That Other Literature

It is the week preceding the Lunar New Year, and what better way to commemorate it than talk about the Chinese, and while we’re at it the Malays, Laotians, Germans and Eskimos too? Since the Lunar New Year and other such cultural festivals are about celebrating cultural heritage, let’s have a look at literature that do just that. And in fact, majority of literary products out there, be it books or film, have a strong theme of culture and heritage, especially the non-American/European ones. Or maybe they’re just the ones that are lain out for us and publicised as foreign books. You don’t see commercial stuff like The Girl With The Dragon Tattoo going around harping about how it’s Swedish, but you wouldn’t deny that “The Housekeeper and the Professor” by Ogawa Yoko, one of the selected novels for Read! Singapore last year, was marketed by the National Library Board for its look into Japanese society.

After this lengthy preamble, let’s actually talk about them. I have read a few such foreign-culture books in my time. Some were good, like Midnight’s Children and The Shadow of the Wind, while others were bad. Bad ones would be things like The Namesake by Jhumpa Lahiri (it is quite an accessible book, but purely because the story was too simple I felt it didn’t have a point) and Balzac and the Little Chinese Seamstress by Dai Sijie (which interestingly was originally published in French). Balzac has an awesome tale but I dislike it because, well, the ending sucked. I felt like it could have been written better. I must say it has been years since I read either of those novels, and my opinion may well change upon a second reading.
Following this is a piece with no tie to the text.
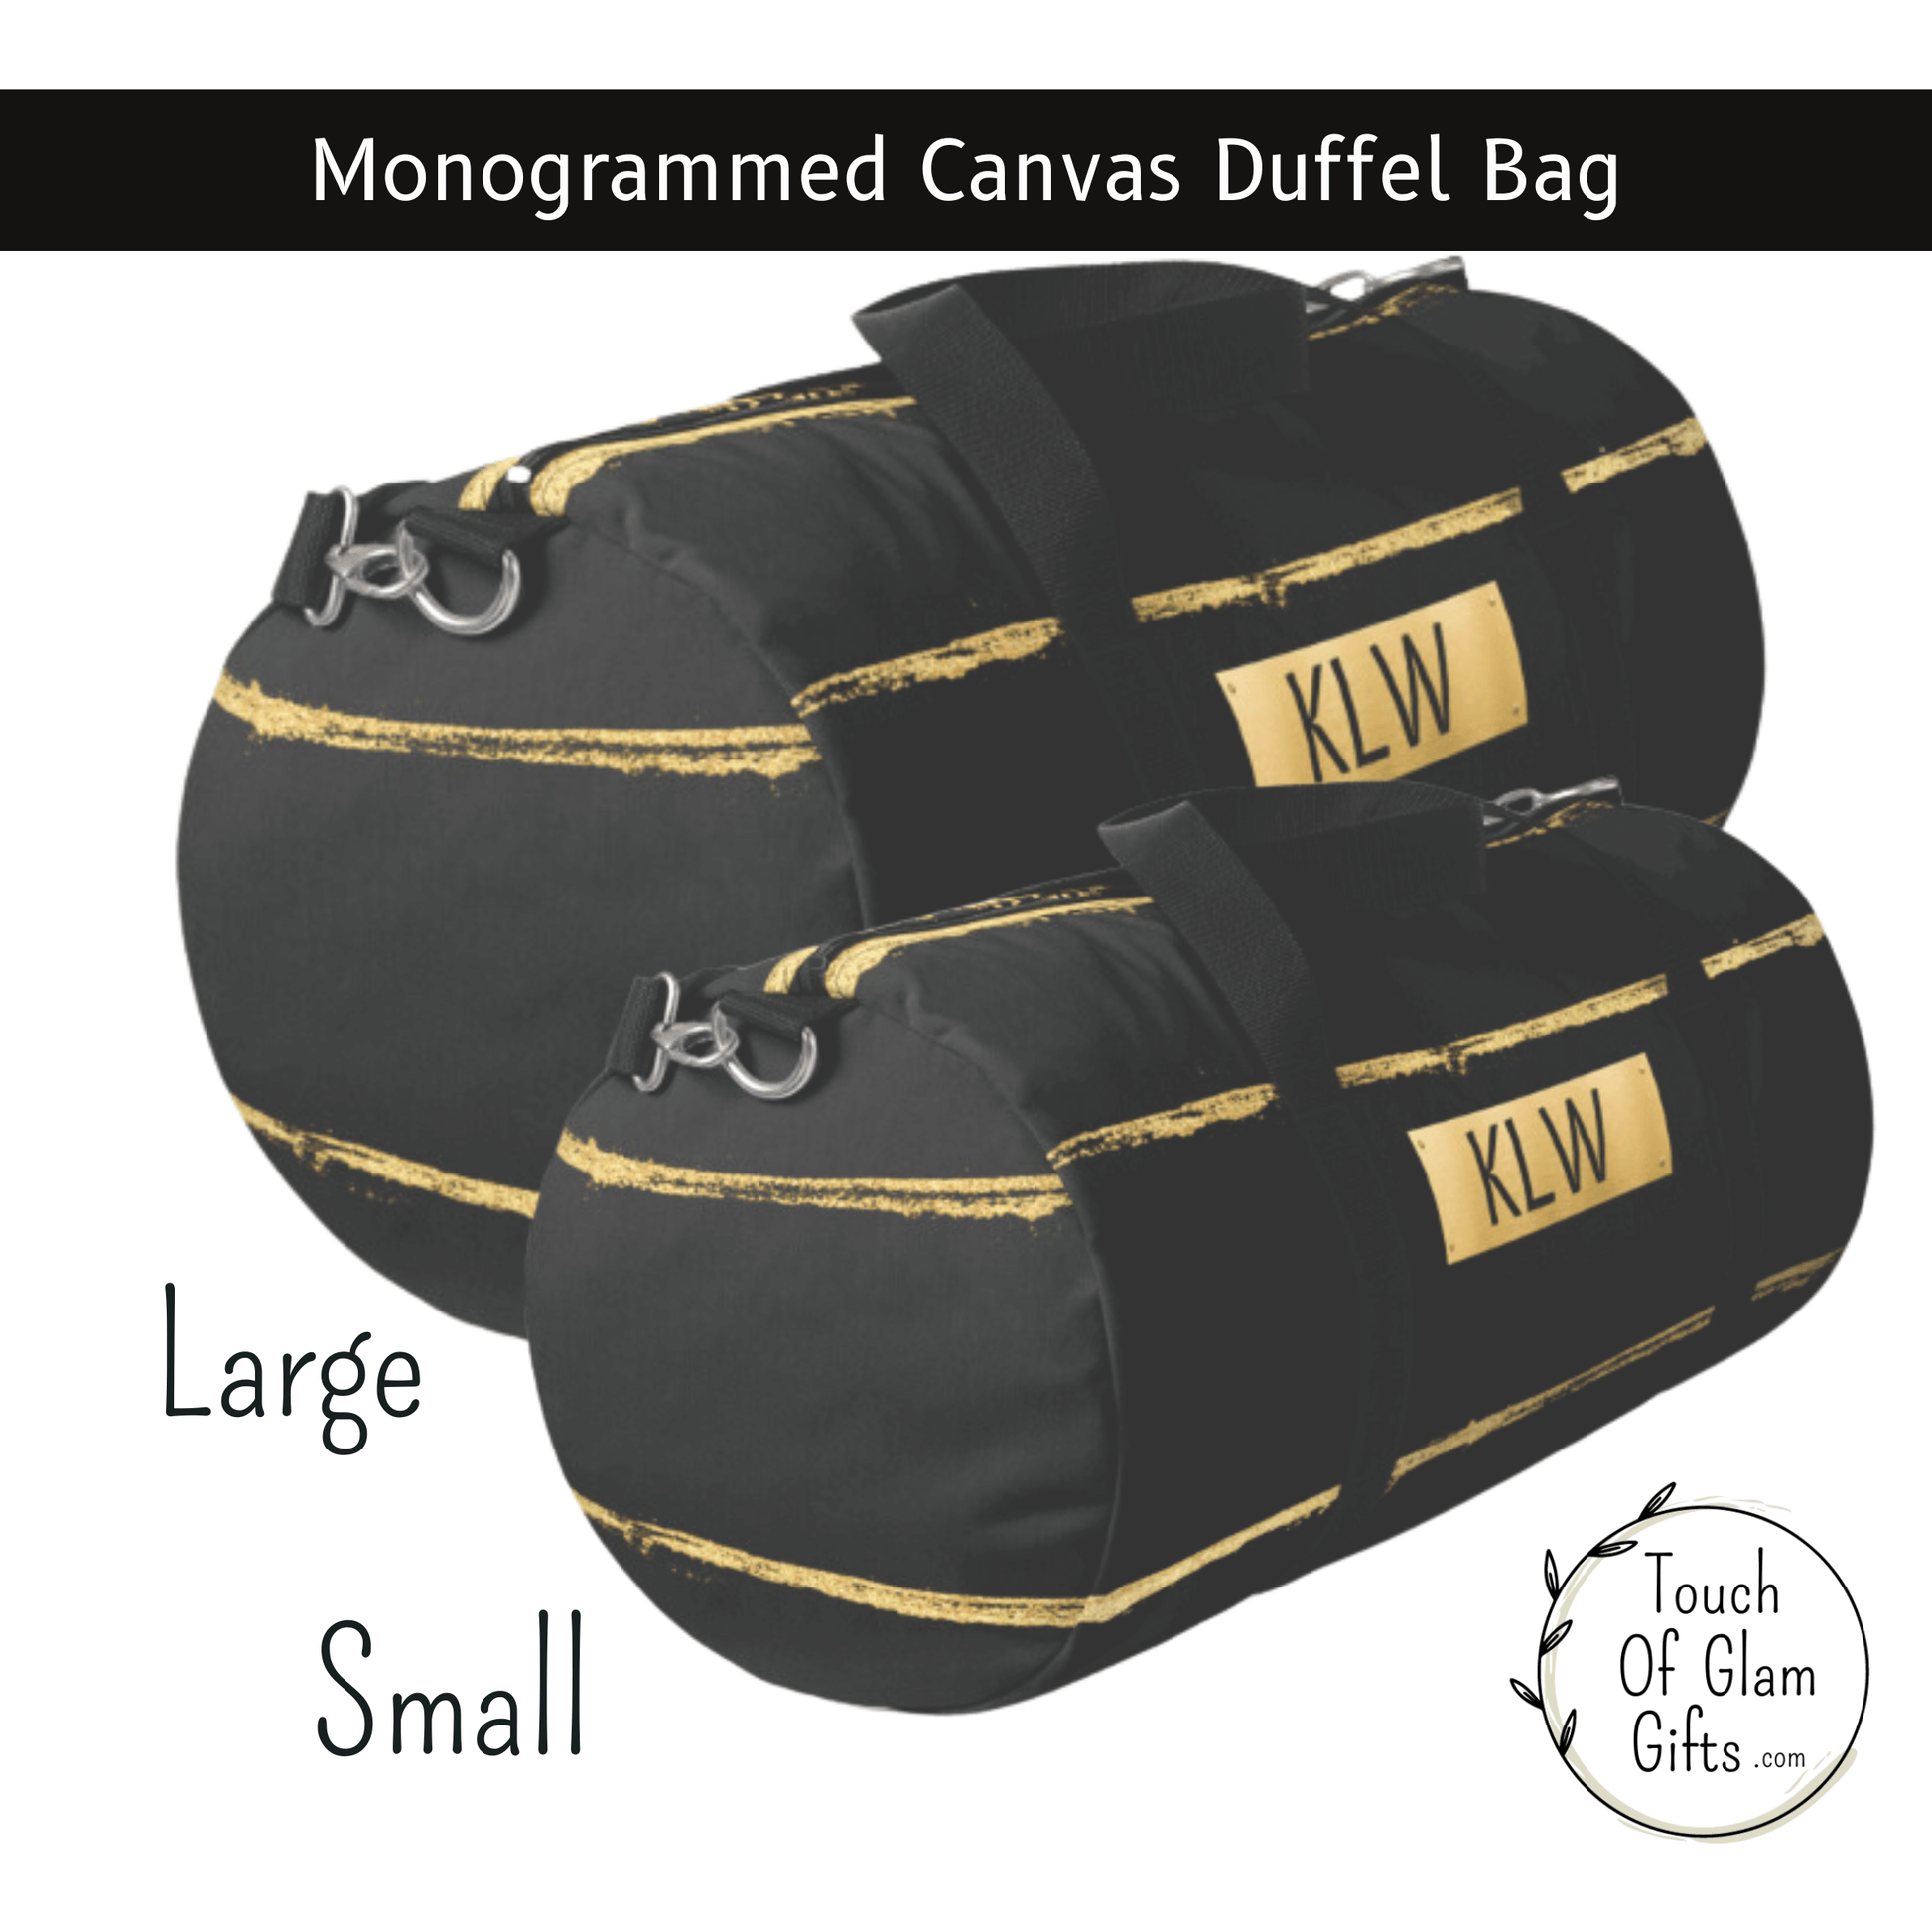 Our light black or charcoal grey monogrammed canvas duffel bag shows the metal hardware clasps for the padded shoulder strap and black handles for easy traveling for the weekend.
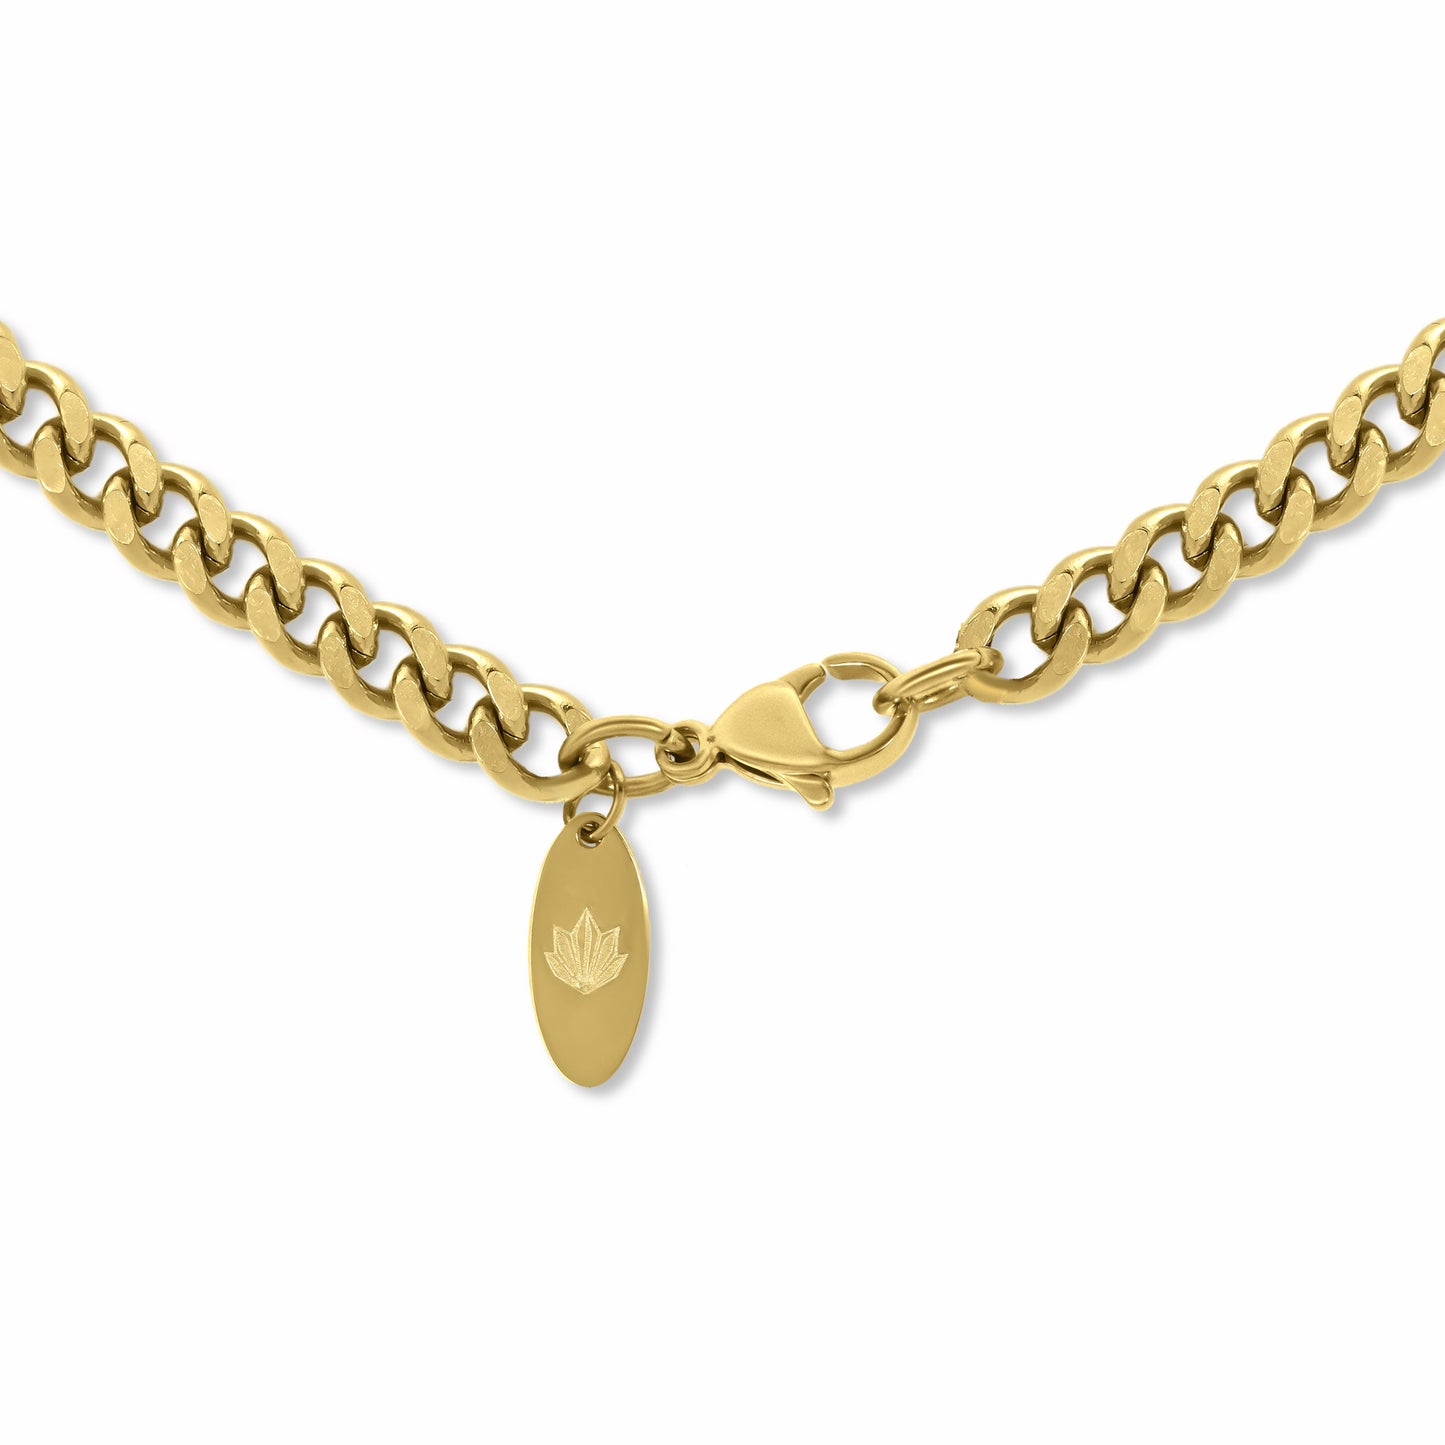 Cuban Chain Gold 5mm - clasp with engraved logo tag on white background

But I, like most humans, hate changing my mind, so I probably won’t be re-reading those books anytime soon.

Most people shy away from such books exemplifying “foreign-ness”. They feel that stories might turn out boring, and the authors are usually unknown and nobody loves reading realistic genre texts anyway. But I feel that reading such books adds meaning to the idea of literature. Such books are usually top picks for Literature texts in school, and if you’re not a Lit student it may be your only foray into educational literature without all the analysis and “critical reading”. And such choices aren’t as bad as one might initially think. Think of it as fantasy, except the setting — which is probably just as distant from you as fantastical realms are — really exists and you can visit it anytime if you find yourself loving the book after reading it. And trust me, foreign authors that are brought into the international market have to be on par with local authors, or even better.

But for those who aren’t familiar or cosy with meeting new cultures, film is a safer way to go. Foreign films like Bollywood are renowned worldwide, and even people who don’t know or like anything about India have to admit the scenery looks smashing in there. Of course, foreign films are not like Hollywood, which is just as American as fast food. Instant action, fast pacing throughout, lots of sex and violence and condiments thrown in, sleek actors. But don’t just swallow your movies. Savour them, like you would a slow and methodically prepared French cuisine or a sincere and appreciative Chinese dish. And you may just get more nutrients from them than you normally would.